Three counties that have funded the former Bookmobile may get the vehicle for use as a mobile communications and command post.
At the Essex County Public Safety Committee meeting June 11, Emergency Services Director Don Jaquish said the counties of Franklin and Clinton approached him about using the former Bookmobile, which was operated by the Clinton-Franklin-Essex Library System, as a mobile command post which would be able to coordinate different radio systems to allow for better communications.
Jaquish said that the proposal would not add any expenses, but supervisors had questions.
“I know that it is free and nice to have, but at some point down the road I am sure that it is going to cost us money,” Moriah Supervisor Tom Scozzafava said. “It's a piece of equipment that would be nice to have, but it’s not critical.”
“I have concerns down the road that this vehicle would be in the neighborhood of $400,000 if it had to be replaced,” Wilmington Supervisor Randy Preston said.
“We are cutting costs and selling things and we are going to add on a second-hand bookmobile for a command center,” Chesterfield Supervisor Gerald Morrow said. “We do work with these counties, and want to continue, but the key thing is no costs to the county and no future costs to the county.”
“If there is a cost, we would try to fund it through Homeland Security and funds that we have in place,” Jaquish said. “I can't guarantee that this would not have a cost with it in the future.”
Jaquish said that Franklin County had already signed on to fit the vehicle, while Clinton County would take care of the maintenance.
“If Franklin County will be retro-fitting the vehicle and Clinton will be maintaining it, so I can't see how we could not go along with this,” Morrow said. “The other two counties are going through with this either way, so I would think it would be foolish of us not to go along.”
North Elba Supervisor Roby Politi wondered why there was a need for a mobile communications center.
“I thought that the purpose of spending $10 million on a communications system was so we would be able to communicate throughout the county,” Politi said. “Are you telling me that we will still not be able to communicate with some people once it is done?”
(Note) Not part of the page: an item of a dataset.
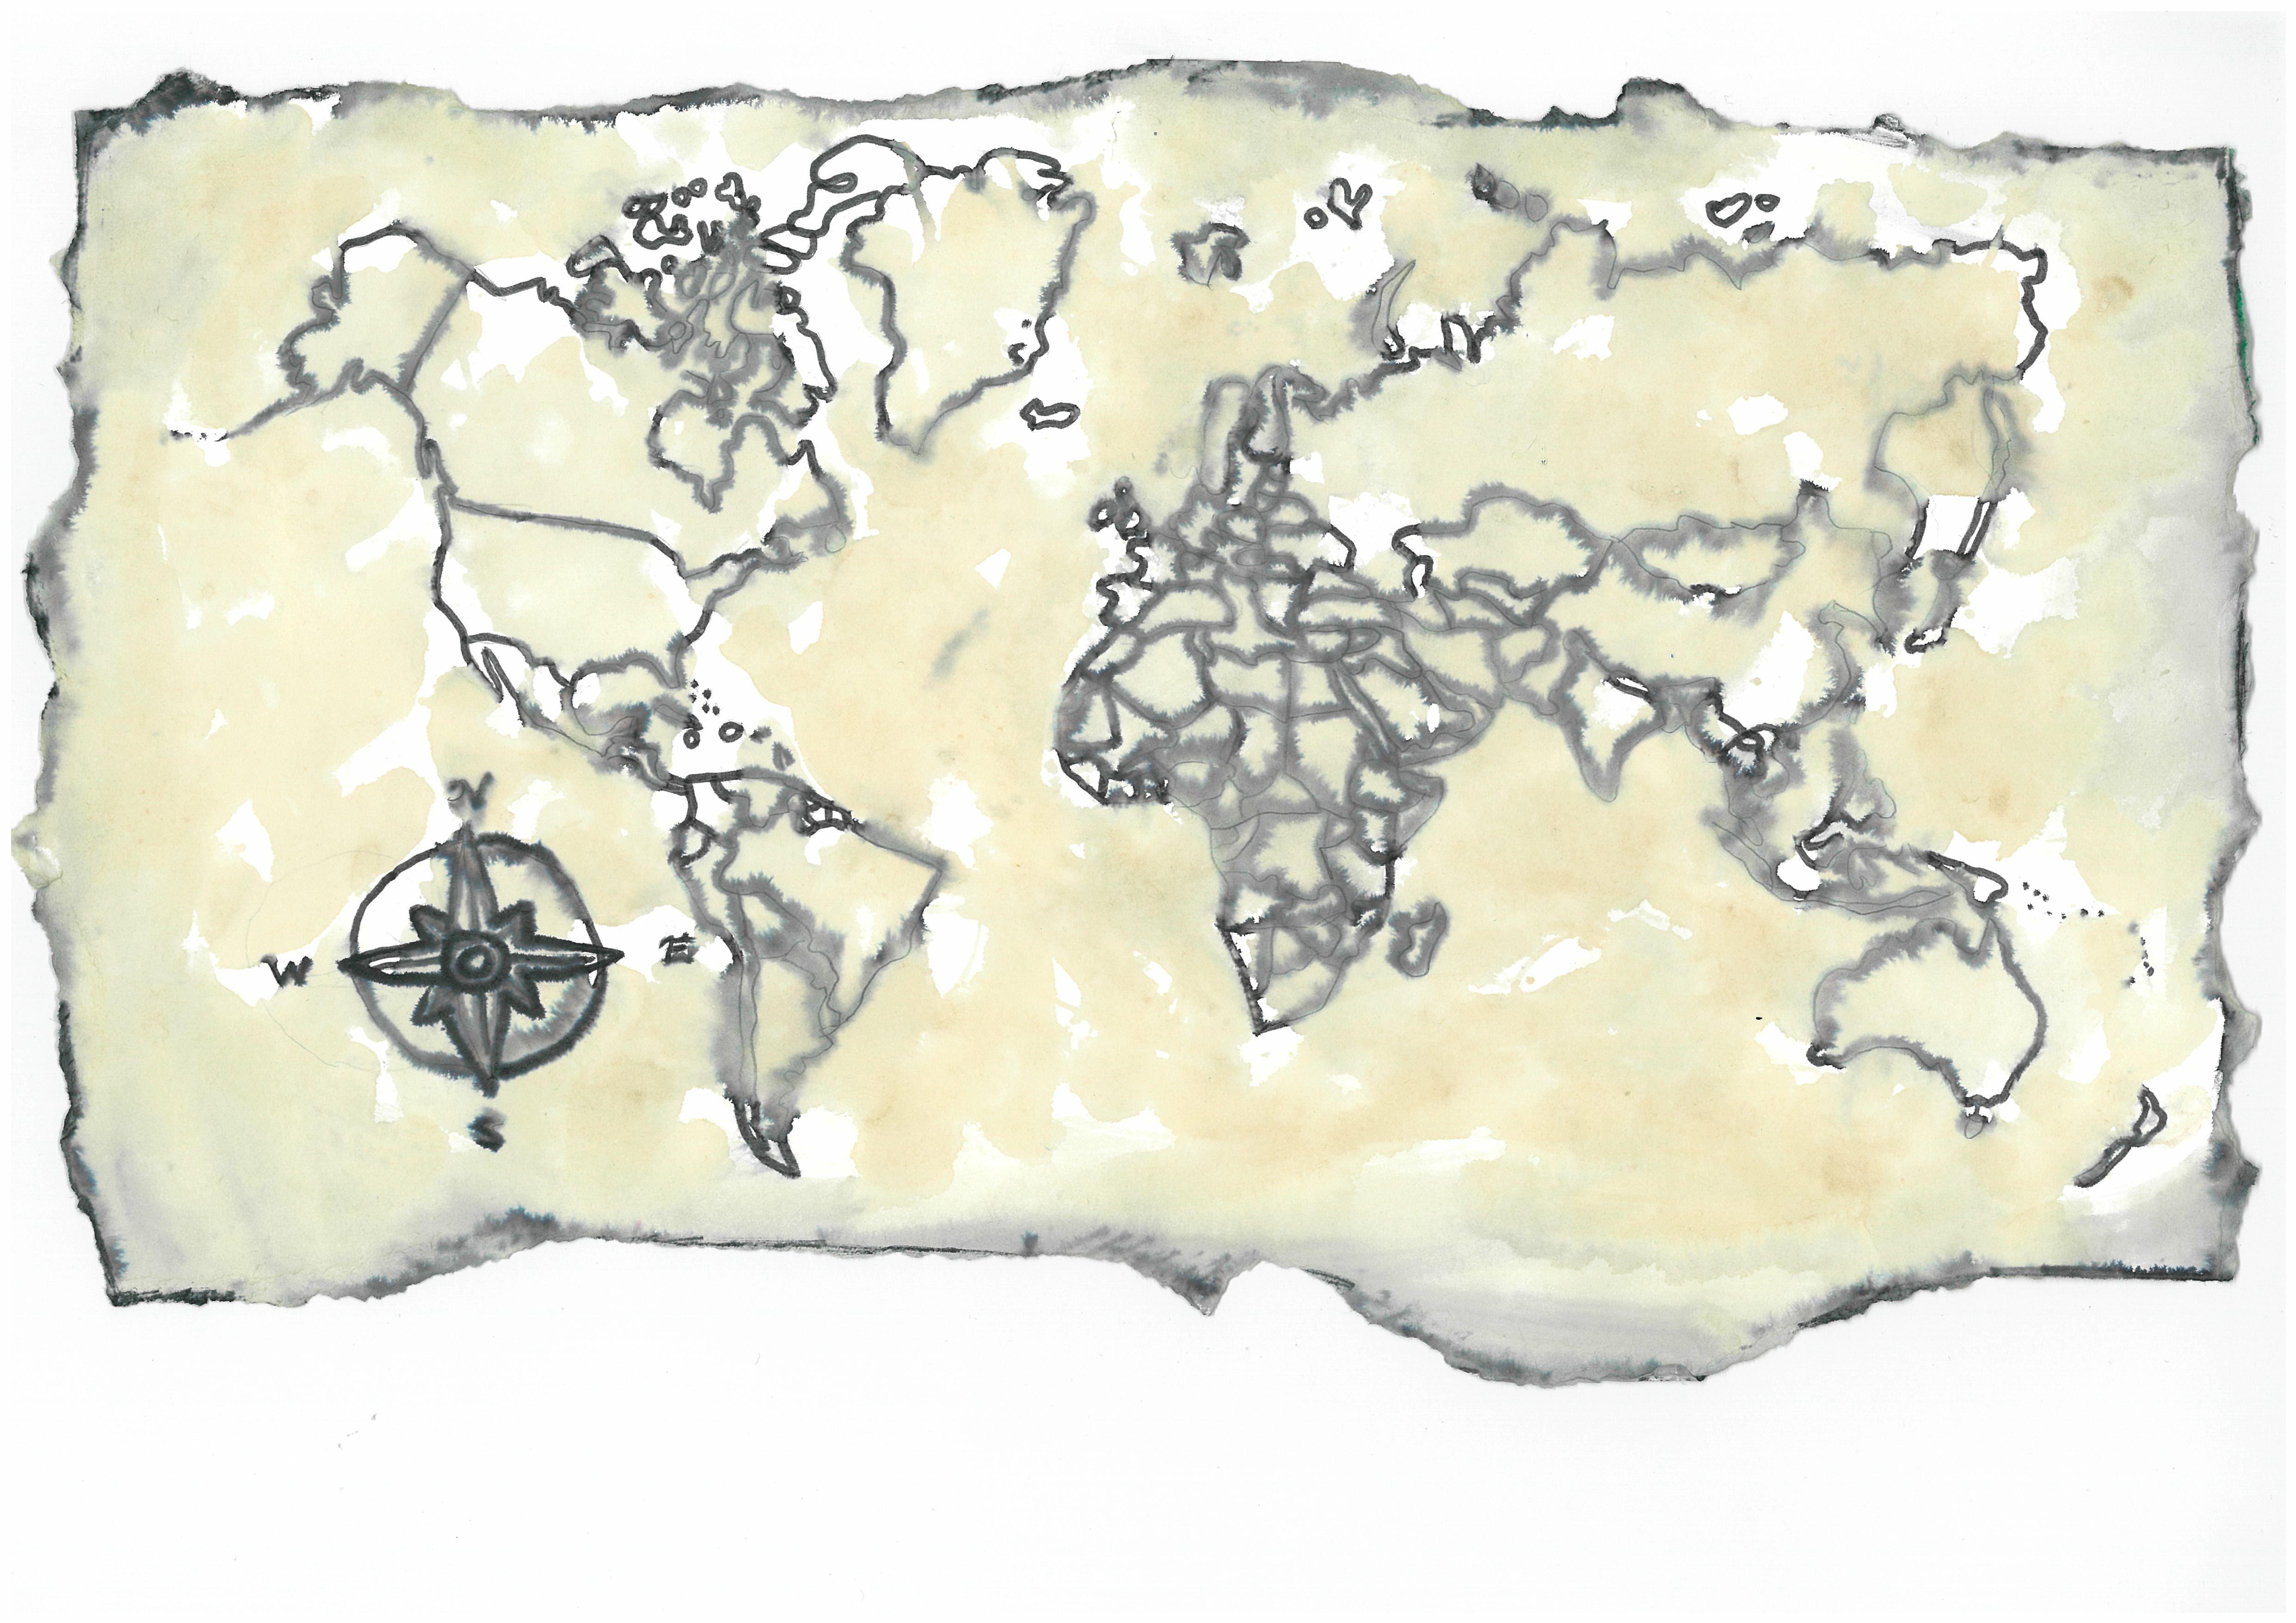 03 - I Love Old Maps Nicholas Gwyn - Age 12

“There are departments that our communications system would not work with in some situations because their systems are different,” Jaquish said. “You have to program the systems in order to get them to work together and that can take time.”
Elizabethtown Supervisor Margaret Bartley said that she felt it would be useful in some situations.
“I just think about the situation that we had here with the crash on the Northway where several people died and there was no communications there,” she said.
Board chairman Randy Douglas said that he would go along with the recommendation, but said other agencies have similar vehicles in emergency situations.
“FEMA came in with one of these rigs like this and parked it right next to our office,” Douglas said. “It is something that they use for any large-scale event.”
“When the bridge went out SEMO had a big vehicle there and the State Police also had one,” Scozzafava added.
“This would be used for any large-scale event where multiple agencies are involved and separate radio systems are used,” Jaquish said. “It would usually be a long-term event, something where it would be needed over several days.”
Scozzafava felt that there also was another option for the vehicle.
“I think that the library committee should sell it as surplus and use that money toward their needs,” he said. “I would move a resolution to do away with any covenant that they have with the county so they can do what they please with the bus.”
The motion passed through committee, 5-2, and will now go before the Ways and Means Committee June 25.